__Task details__
Beneath this task are the entries; from the line with "Cartolina Rovigo - Notturno" through the last one, transcribe every line exactly and nothing else, skipping pictures.
── Provided records
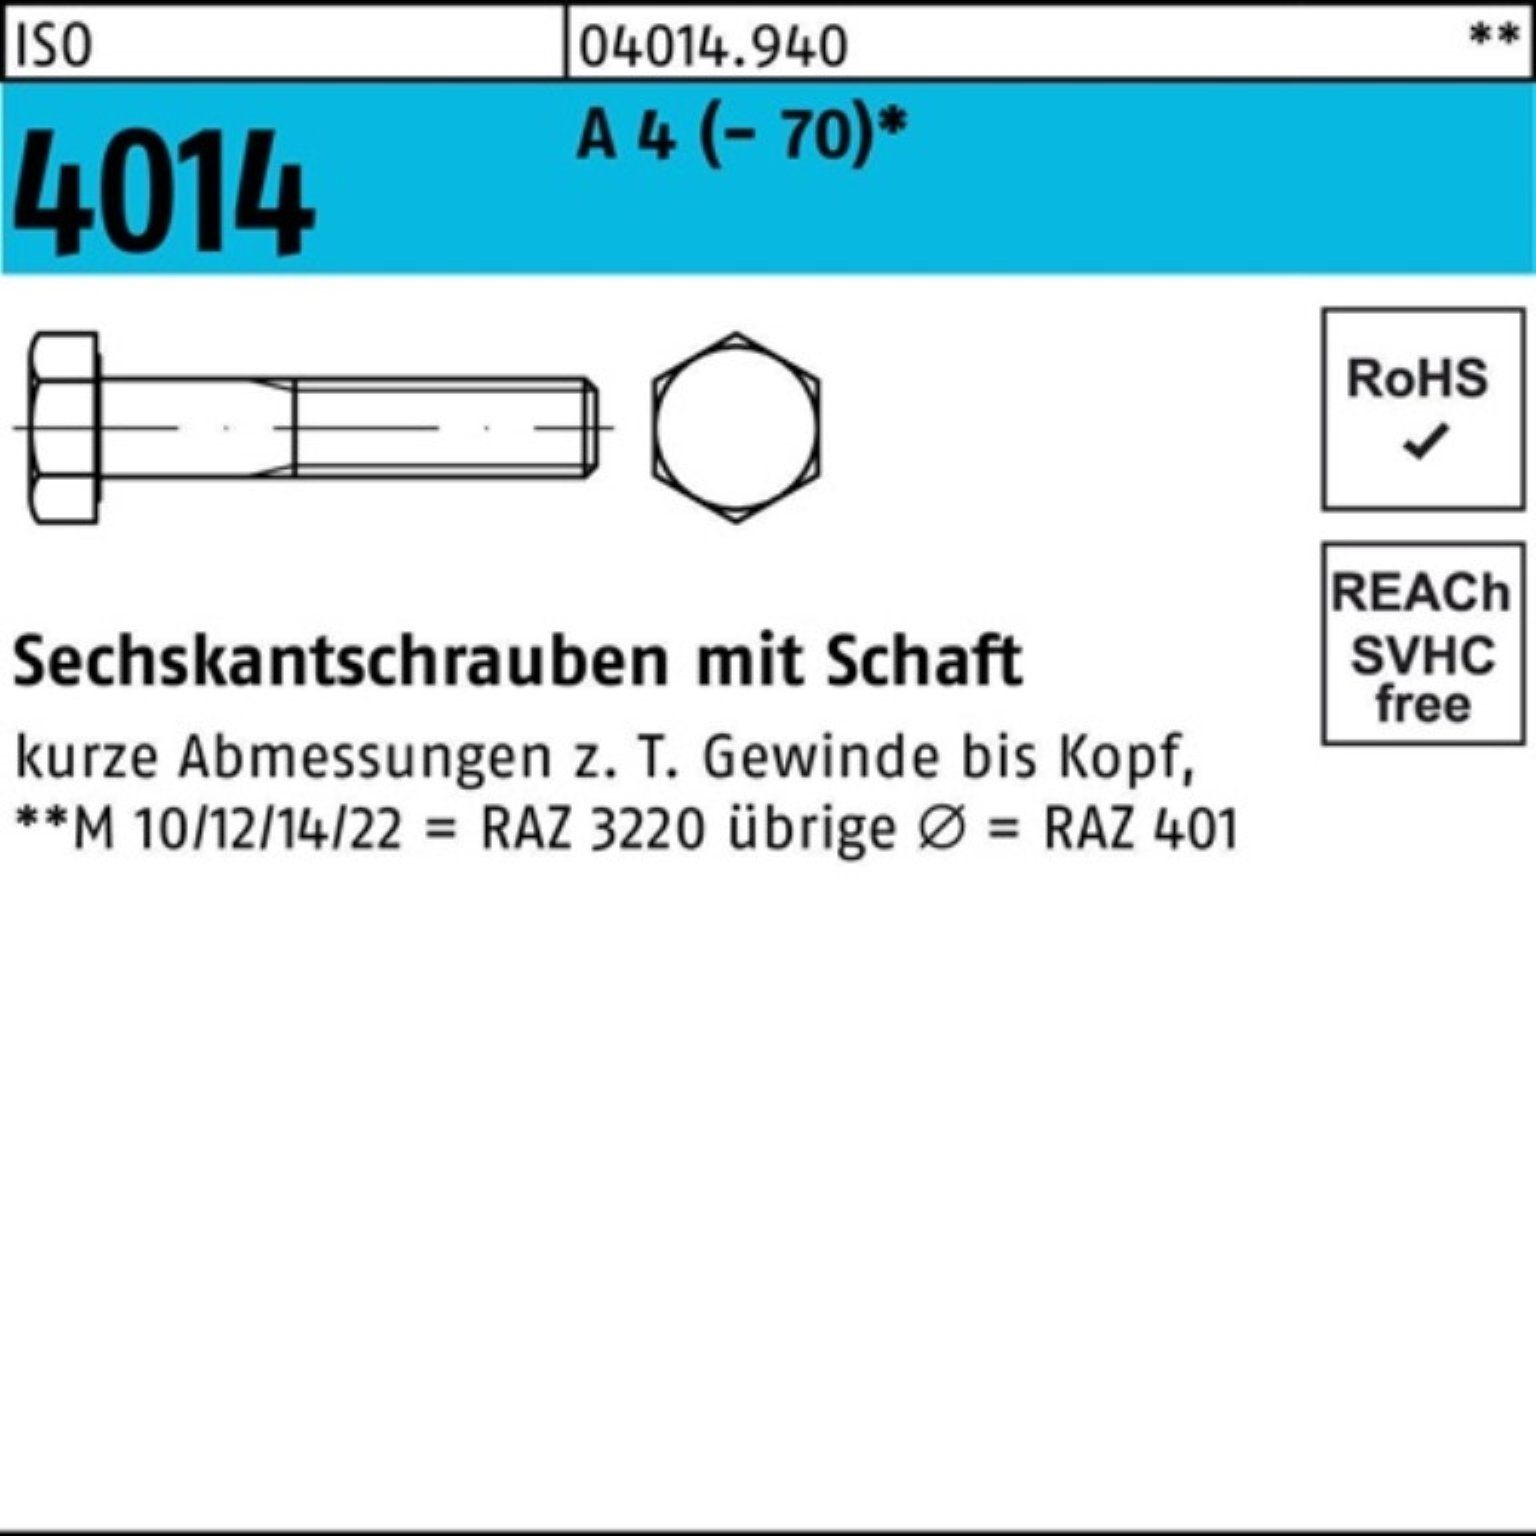 1 ISO Sechskantschraube 4014 M20x 100er Sechskantschraube 290 A ISO 4 Bufab Schaft Stück Pack
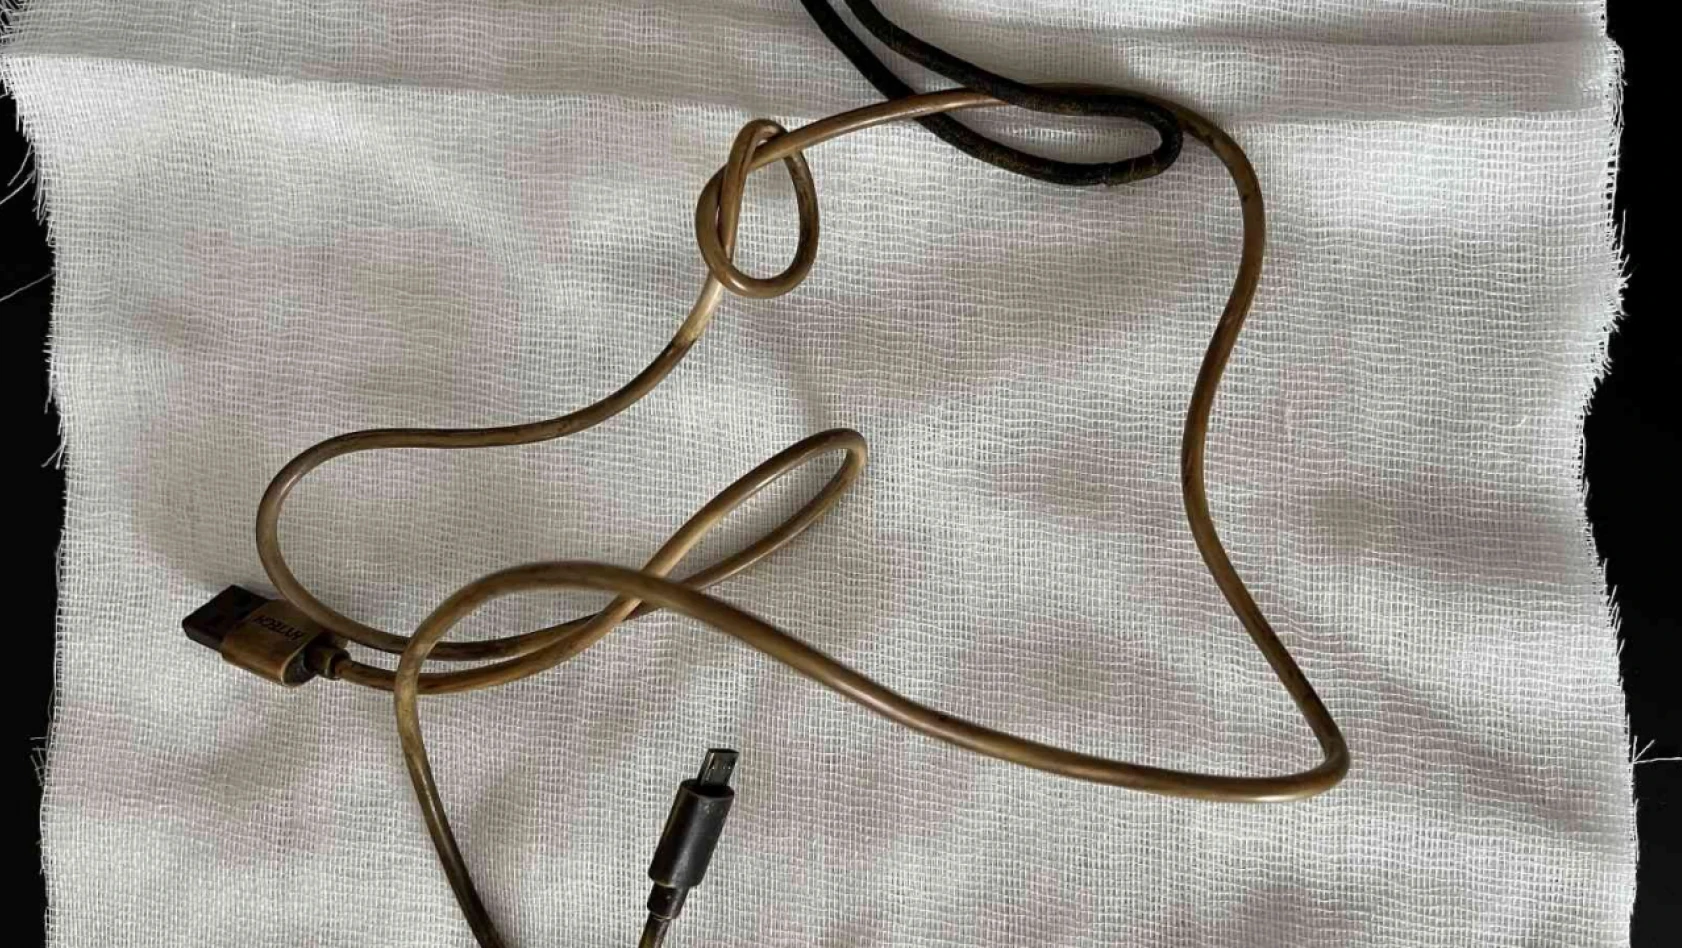 Kusma ve karın ağrısı şikayetiyle doktora giden çocuğun karnından telefon şarj kablosu çıktı
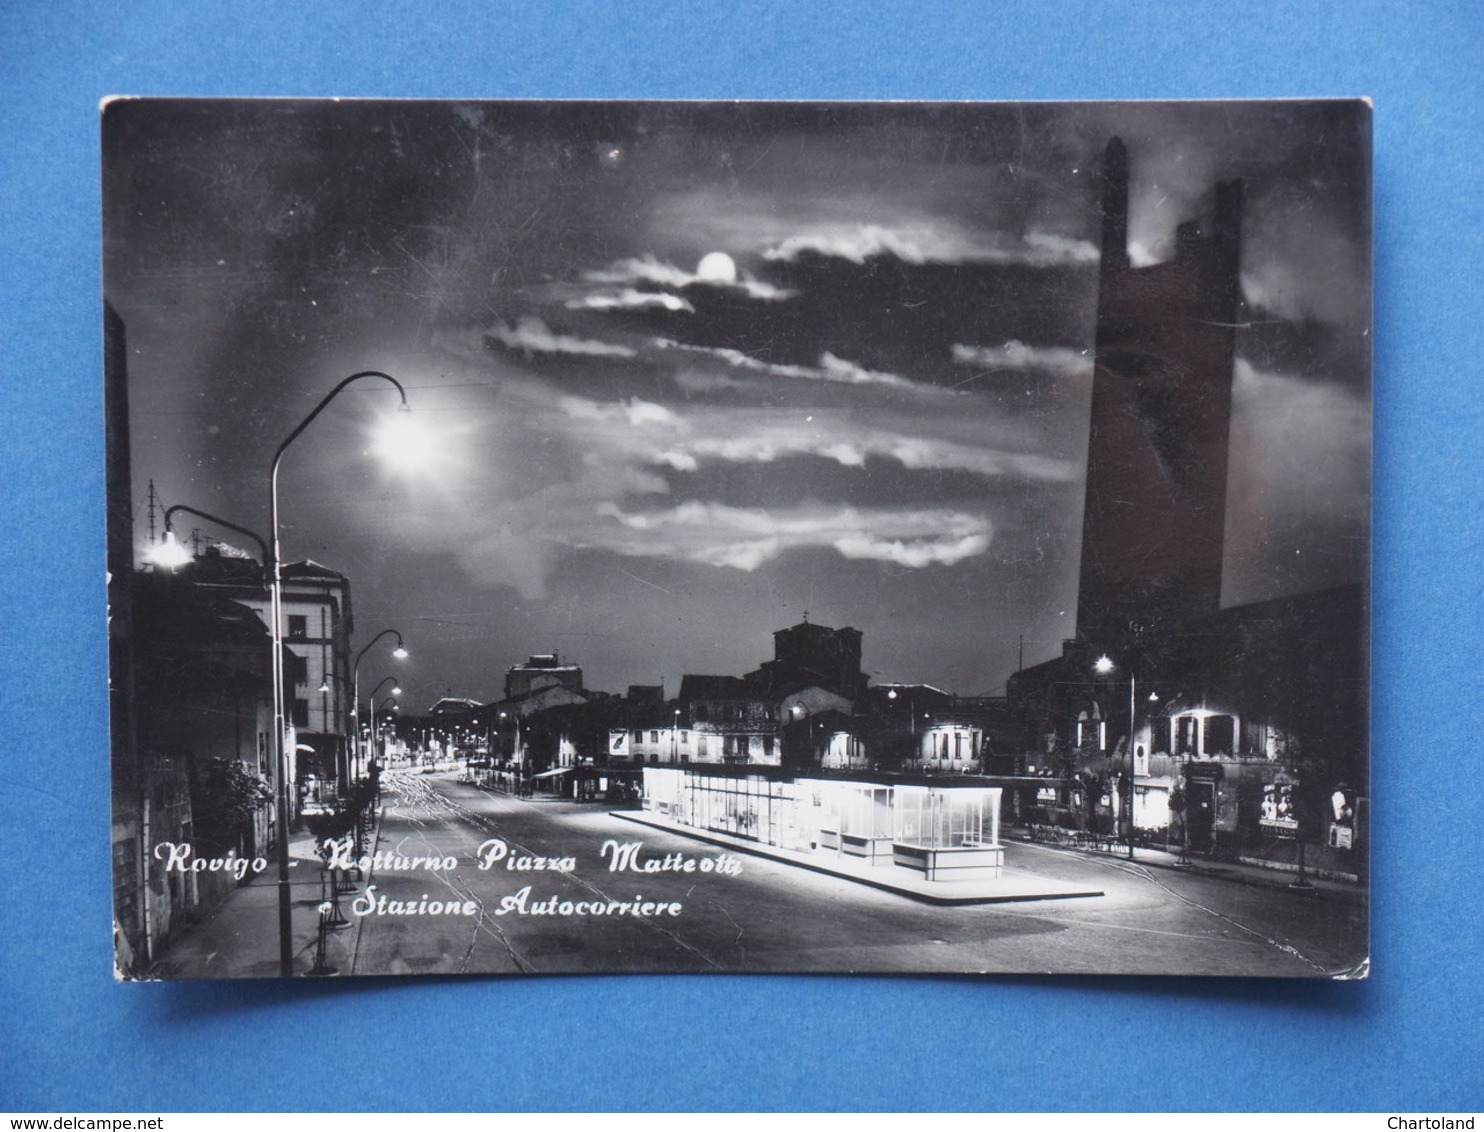 Cartolina Rovigo - Notturno Piazza Matteotti E Stazione Autocorriere - 1957 - Rovigo
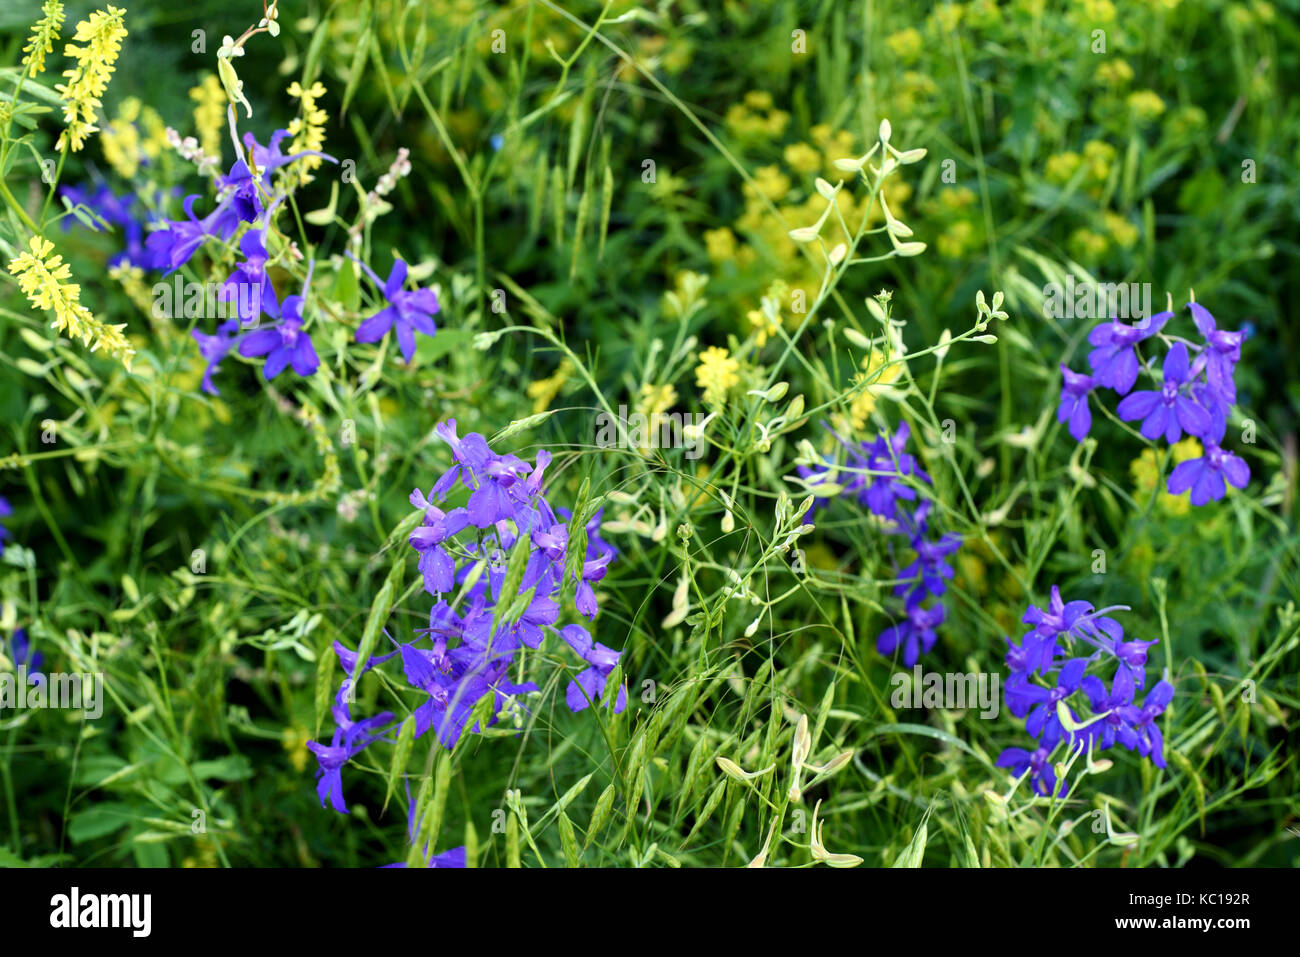 Blue larkspur flores silvestres que crecen en la naturaleza con vegetación verde y hojas Foto de stock
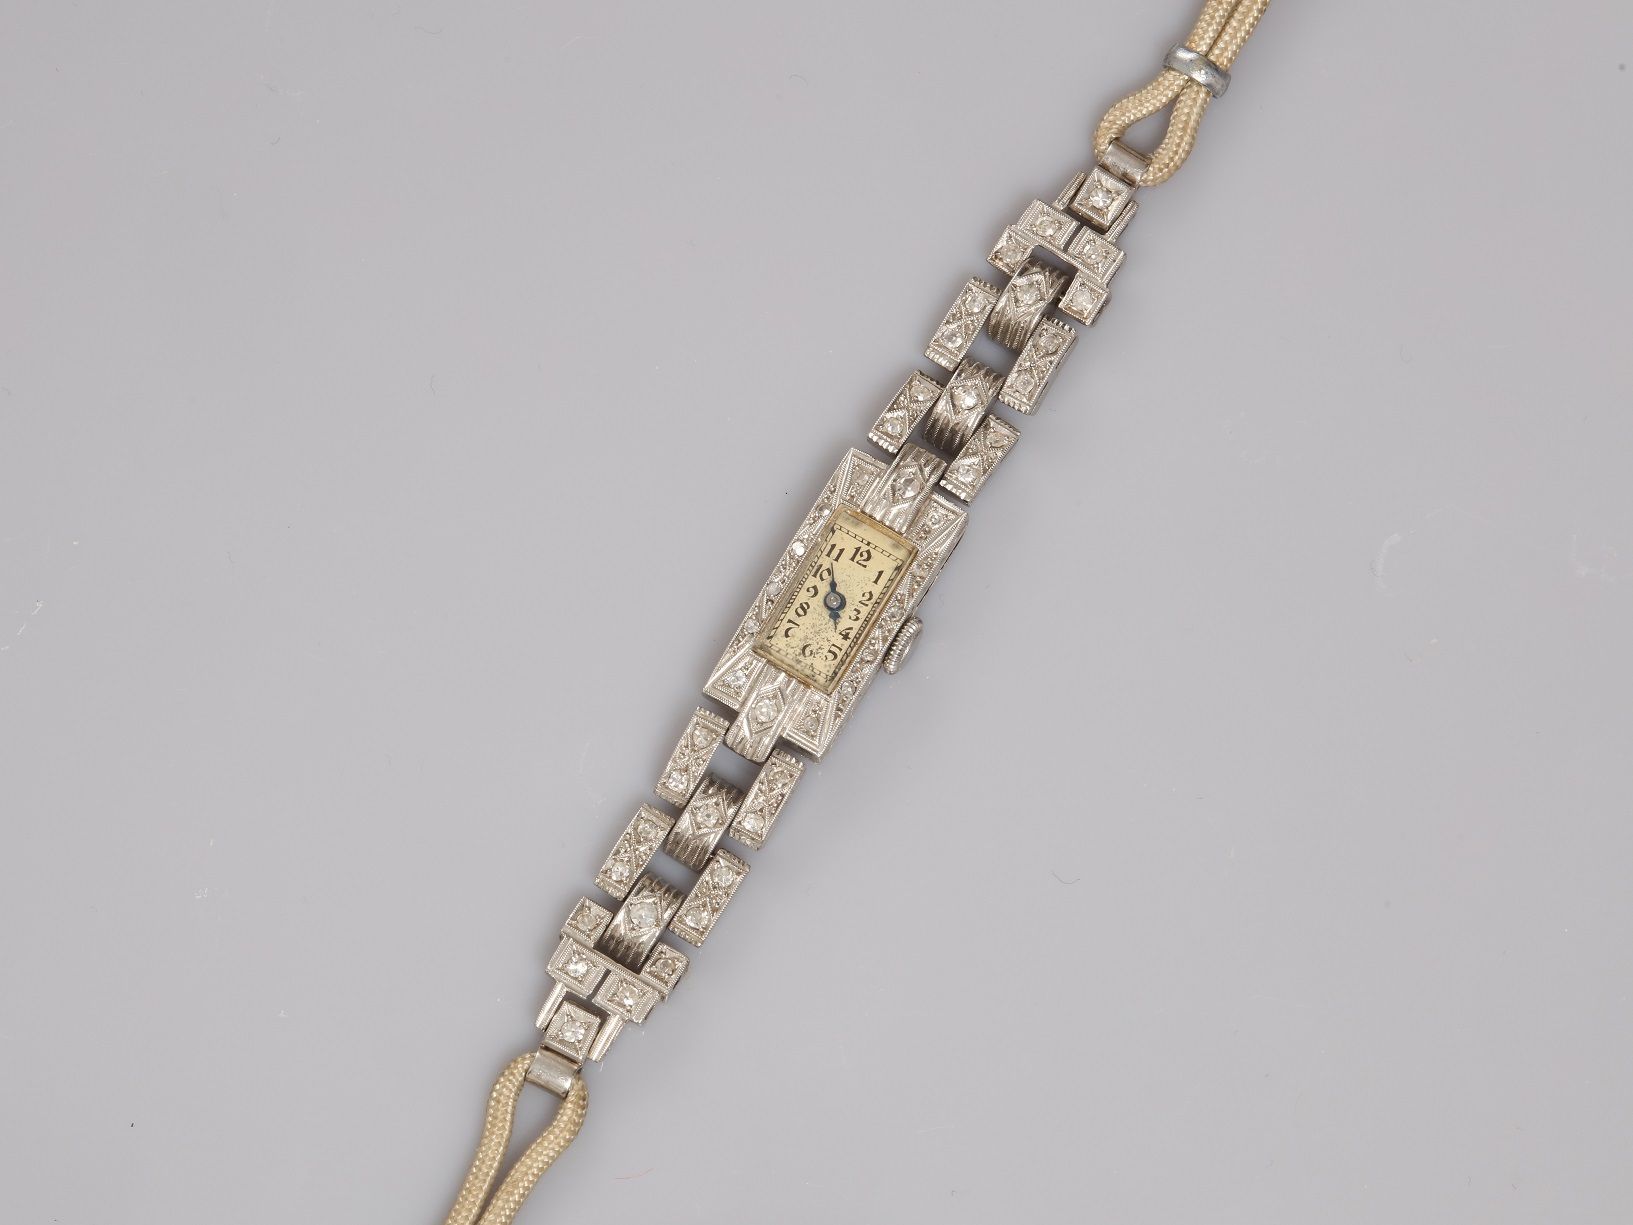 Null 铂金900毫米表带，长方形表圈镶嵌钻石，金属手镯，长16厘米，约1930年，重量：18.7克，毛重。
────
__Response to this task__
 Cartolina Rovigo - Notturno Piazza Matteotti E Stazione Autocorriere - 1957 - Rovigo
 Blue larkspur flores silvestres que crecen en la naturaleza con vegetación verde y hojas Foto de stock
 Null 铂金900毫米表带，长方形表圈镶嵌钻石，金属手镯，长16厘米，约1930年，重量：18.7克，毛重。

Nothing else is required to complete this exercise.